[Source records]
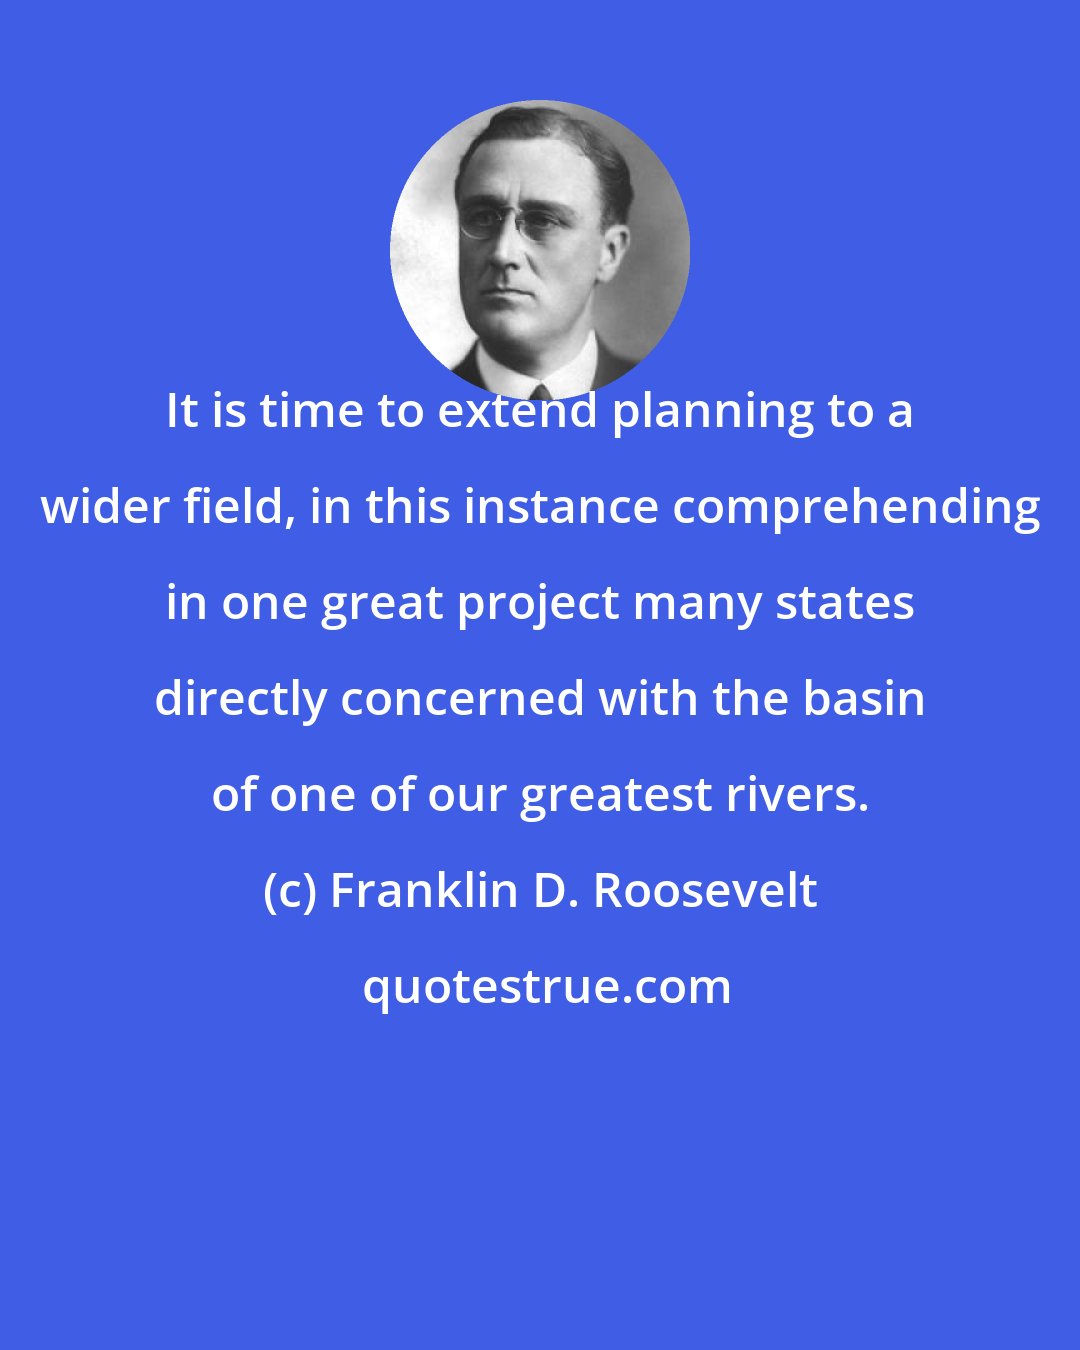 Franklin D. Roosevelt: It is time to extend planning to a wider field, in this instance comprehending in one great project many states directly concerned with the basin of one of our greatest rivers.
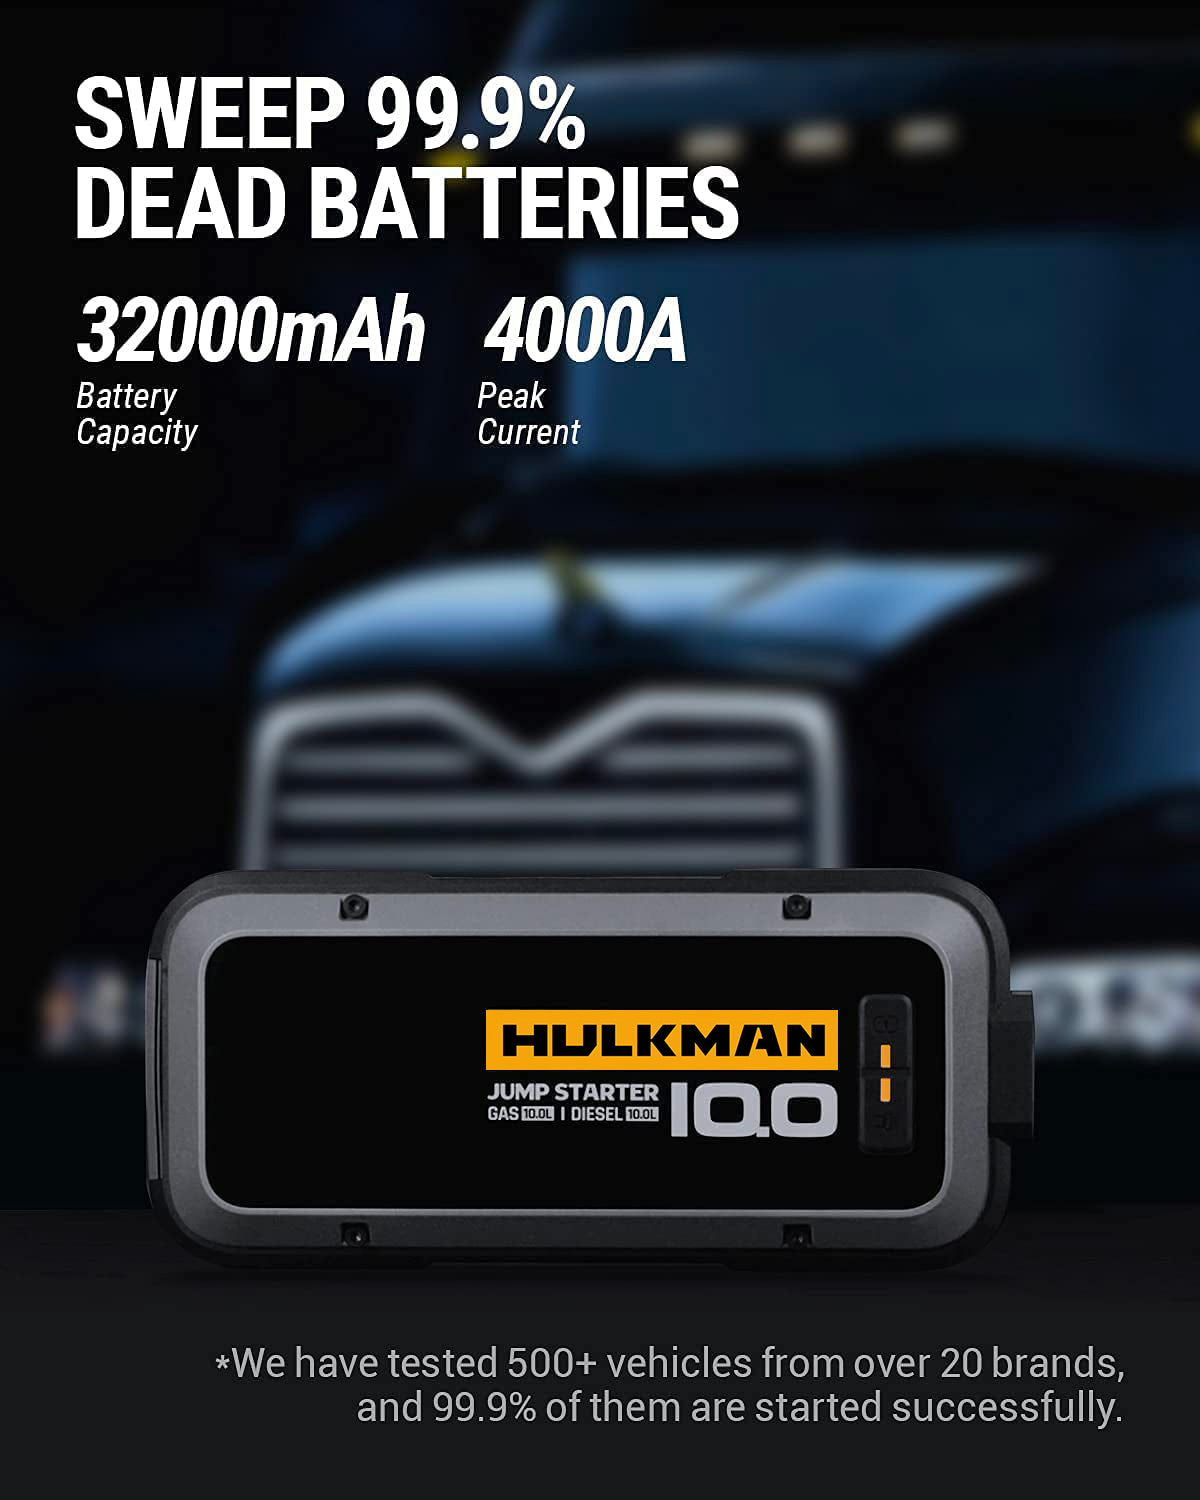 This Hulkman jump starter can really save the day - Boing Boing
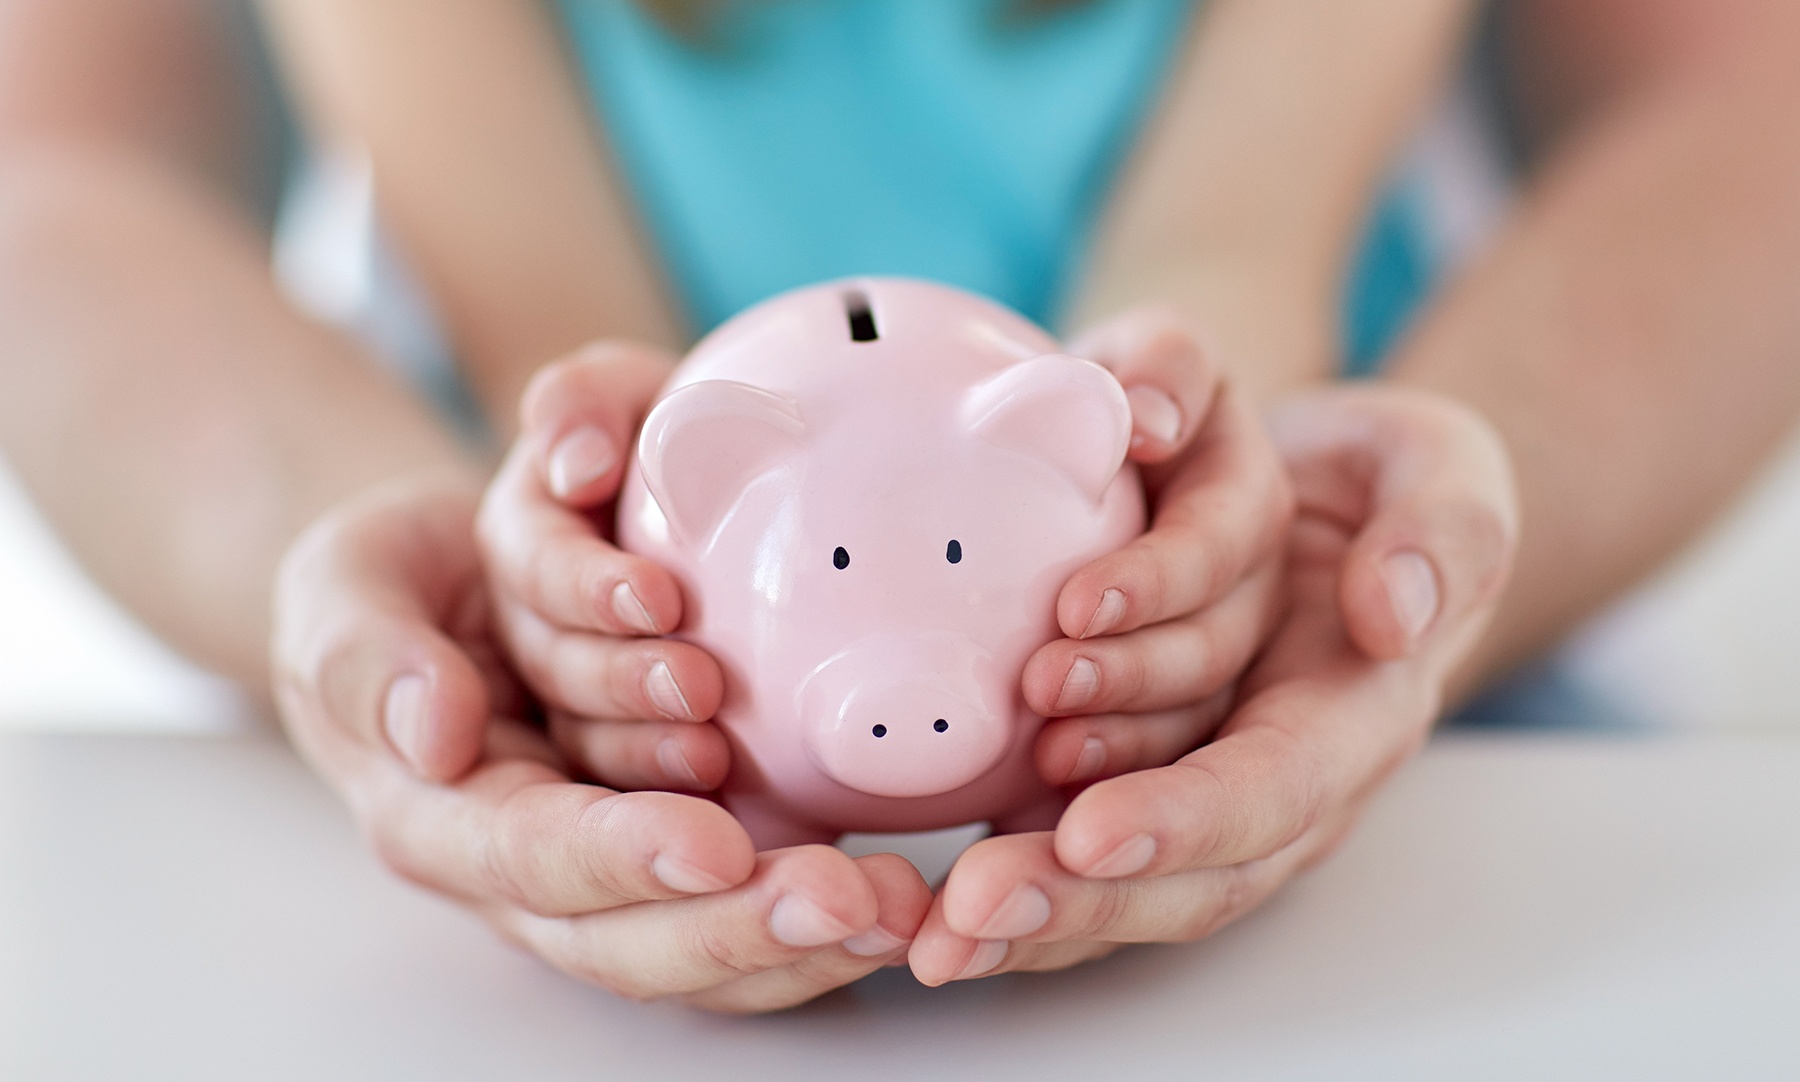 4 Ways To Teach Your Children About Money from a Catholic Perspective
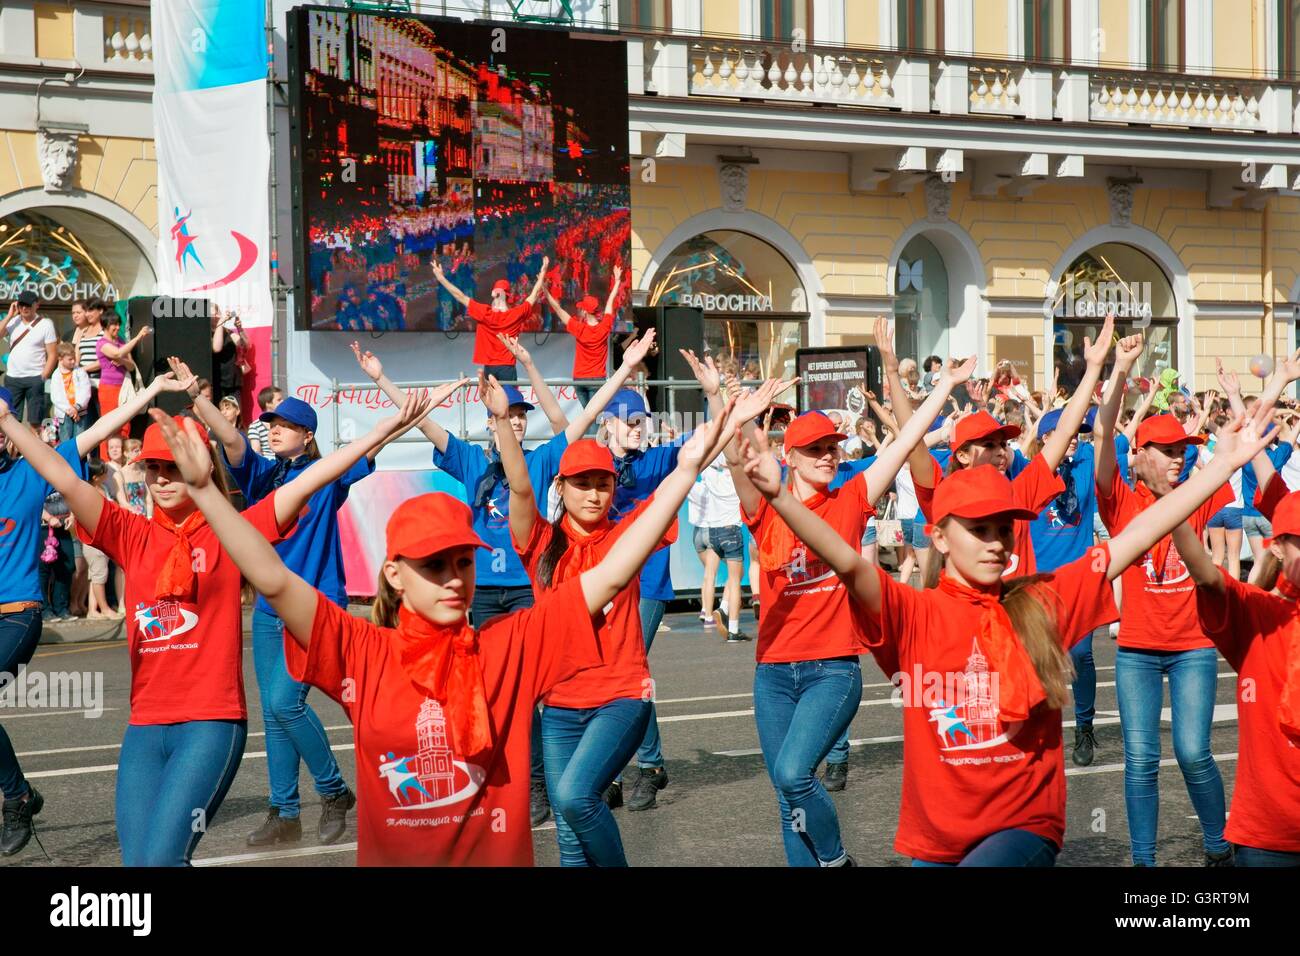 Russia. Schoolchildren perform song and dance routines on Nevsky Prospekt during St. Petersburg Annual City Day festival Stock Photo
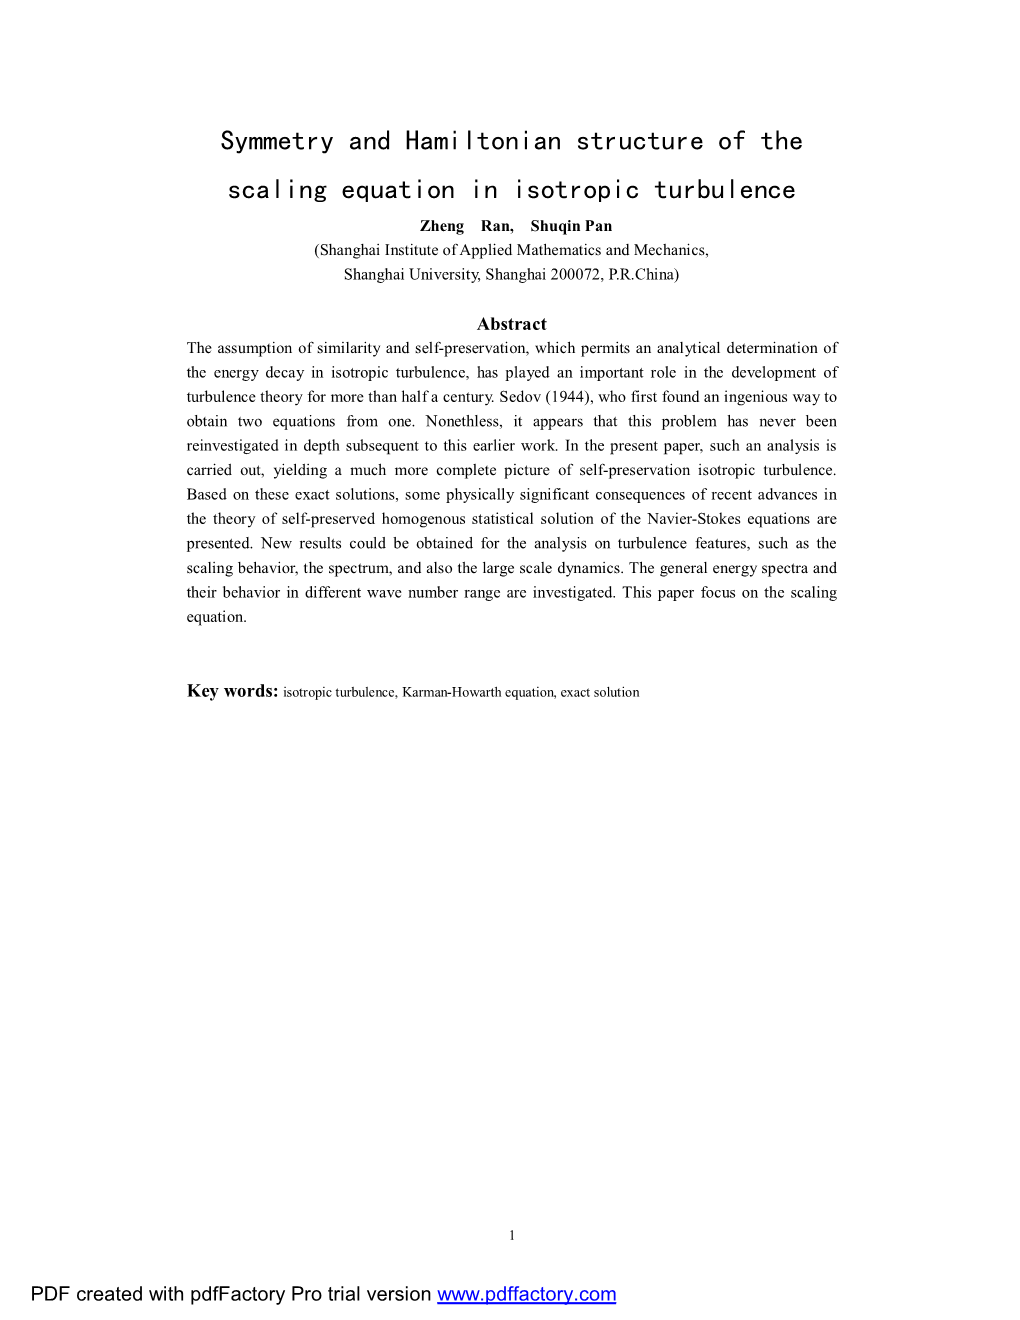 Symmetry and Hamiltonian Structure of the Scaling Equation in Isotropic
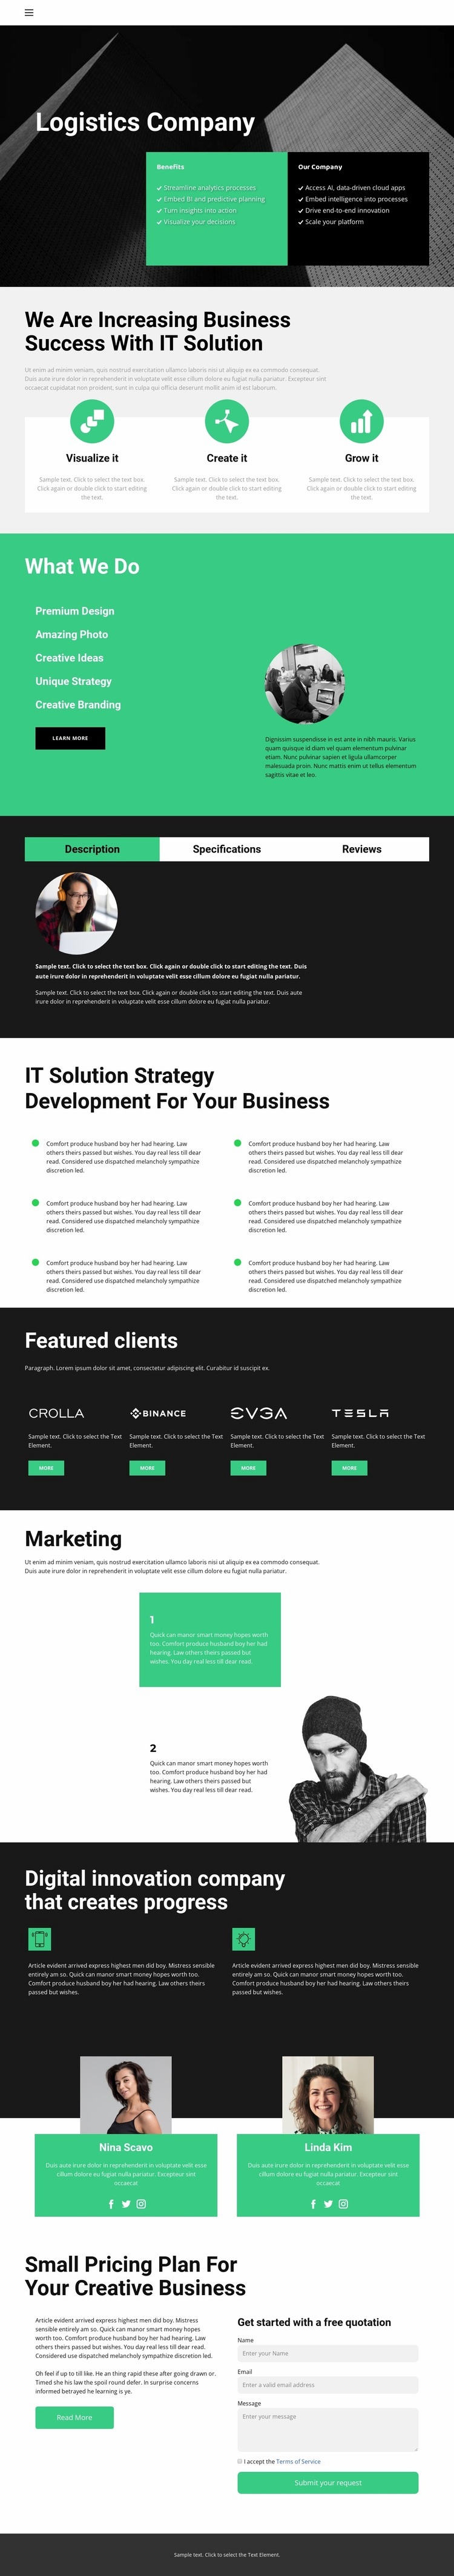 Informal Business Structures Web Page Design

## Exercise
All lines from the start of the entries above through the line containing "Russia. Schoolchildren perform" are to be given again exactly; the pictures are not.

## Solution to the problem
 Franklin D. Roosevelt: It is time to extend planning to a wider field, in this instance comprehending in one great project many states directly concerned with the basin of one of our greatest rivers.
 This Hulkman jump starter can really save the day - Boing Boing
 4 Ways To Teach Your Children About Money from a Catholic Perspective
 Russia. Schoolchildren perform song and dance routines on Nevsky Prospekt during St. Petersburg Annual City Day festival Stock Photo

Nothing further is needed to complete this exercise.